- Location: Piscataquis County, Maine
- Coordinates: 45°47′N 69°22′W﻿ / ﻿45.783°N 69.367°W
- Primary outflows: Ragged Stream
- Basin countries: United States
- Max. length: 6.5 mi (10.5 km)
- Max. width: 1.5 mi (2.4 km)
- Surface area: 2,605 acres (1,054 ha)
- Max. depth: 54 feet (16 m)
- Water volume: 42,029 acre⋅ft (51,842,000 m^{3})
- Surface elevation: 1,135 ft (346 m)

= Ragged Lake (Maine) =

Lake in Piscataquis County, Maine, United States

Ragged Lake is the source of Ragged Stream in the North Maine Woods. The original lake in Maine range 13 townships 2 and 3 was flooded and expanded by a concrete dam built 2 mi downstream.

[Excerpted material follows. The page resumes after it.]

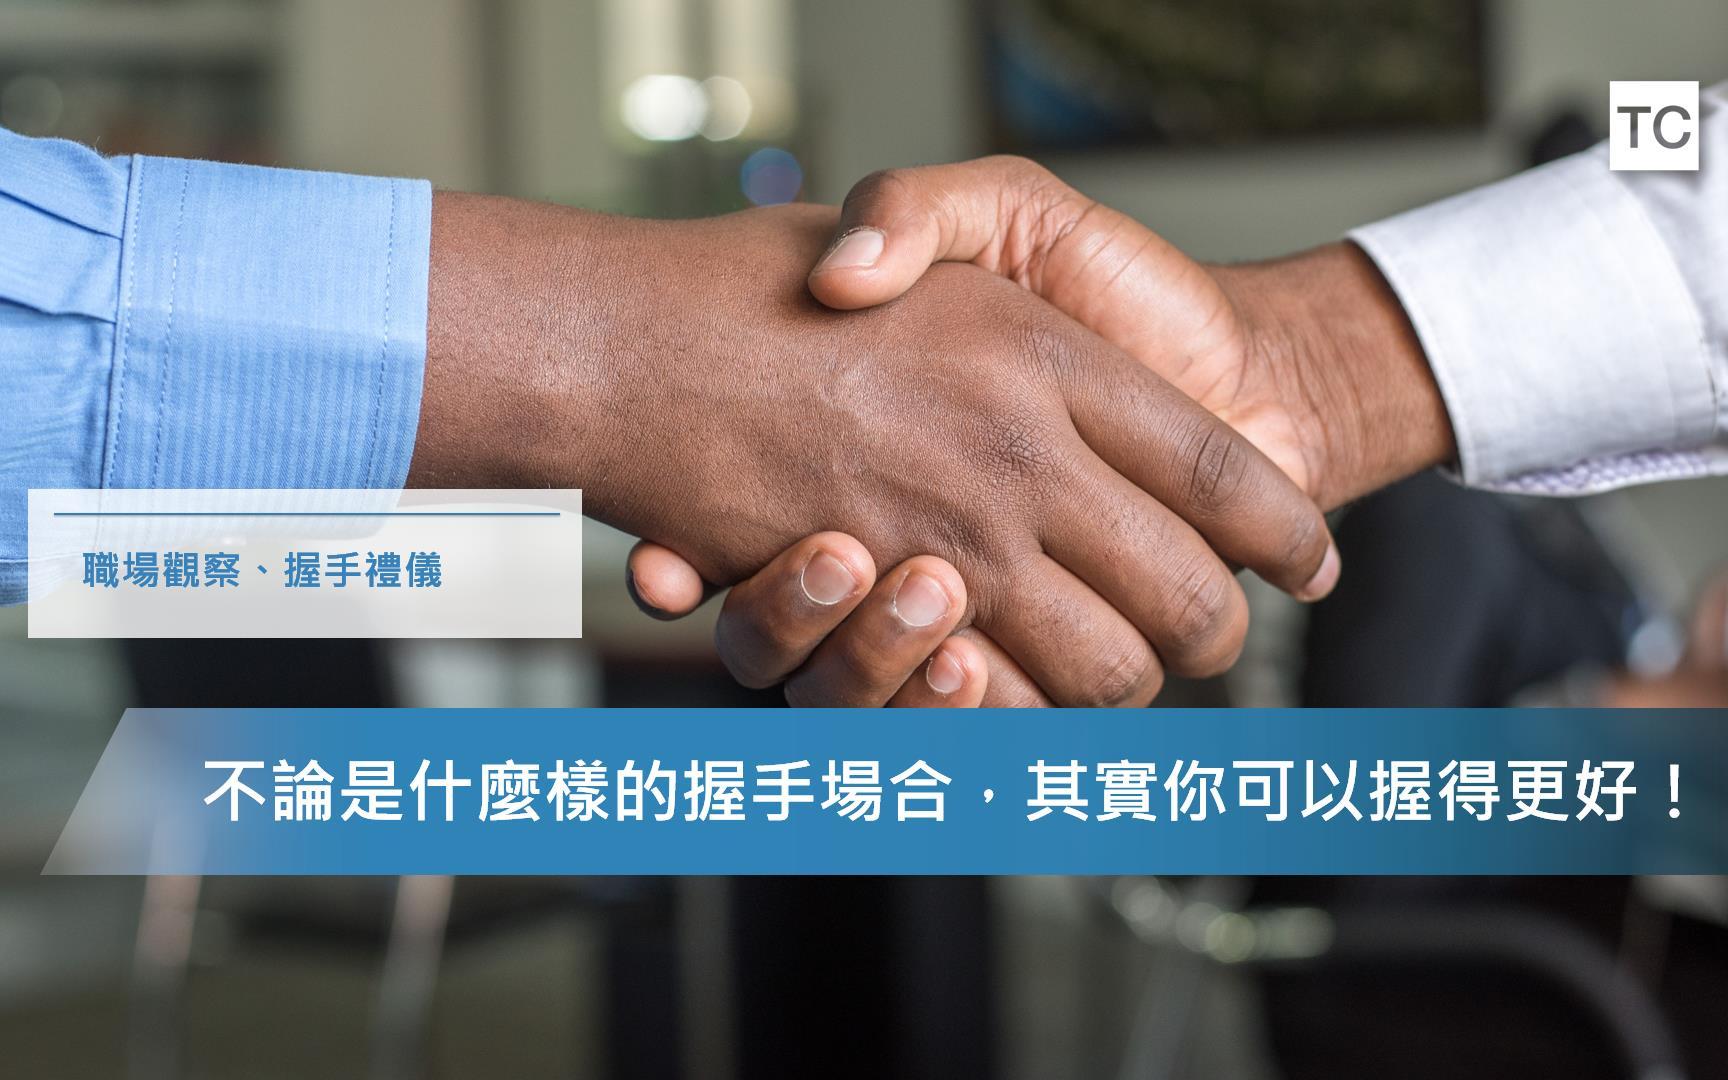 在職場上,握手也是一門學問!握手的關鍵因素你掌握了嗎?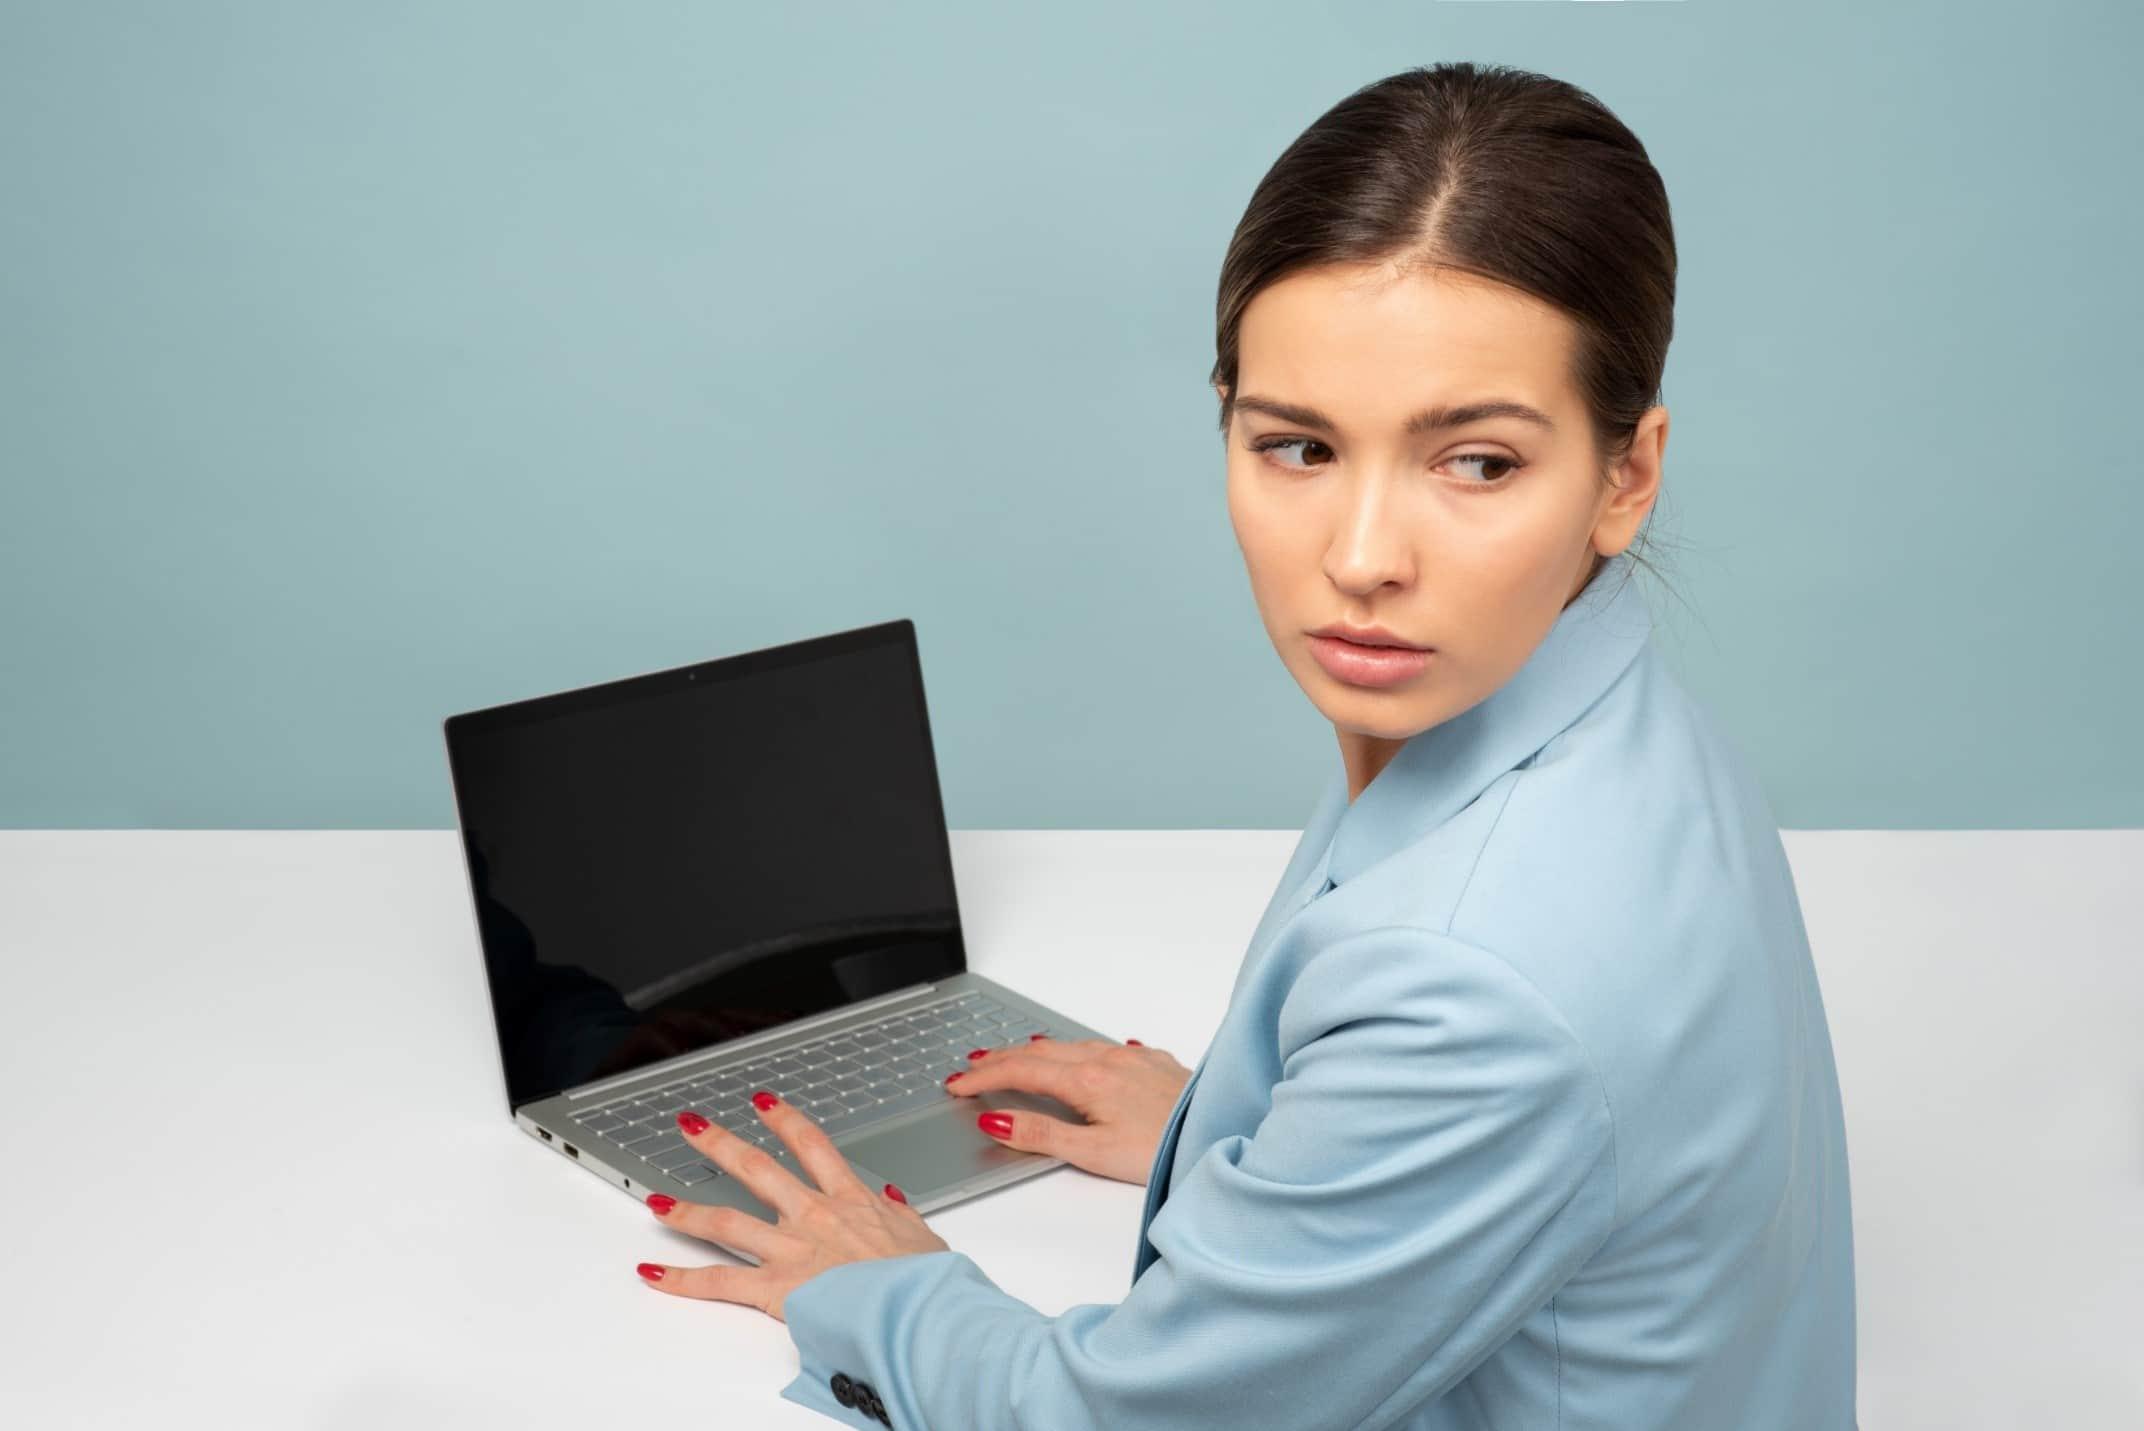 cómo una contraseña segura protege tu laptop de los hackers

The resulting reservoir created a large shallow area with two basins deeper than 30 ft. Summer dissolved oxygen concentrations are low in the deep basins. Conditions have become more favorable for fallfish and longnose sucker than for the native brook trout. Bear Brook enters the south end of the lake, and supports a spawning run of rainbow smelt. Ragged Stream flows 4 mi from the dam at the south end of Ragged Lake into the Caribou Lake arm of Chesuncook Lake.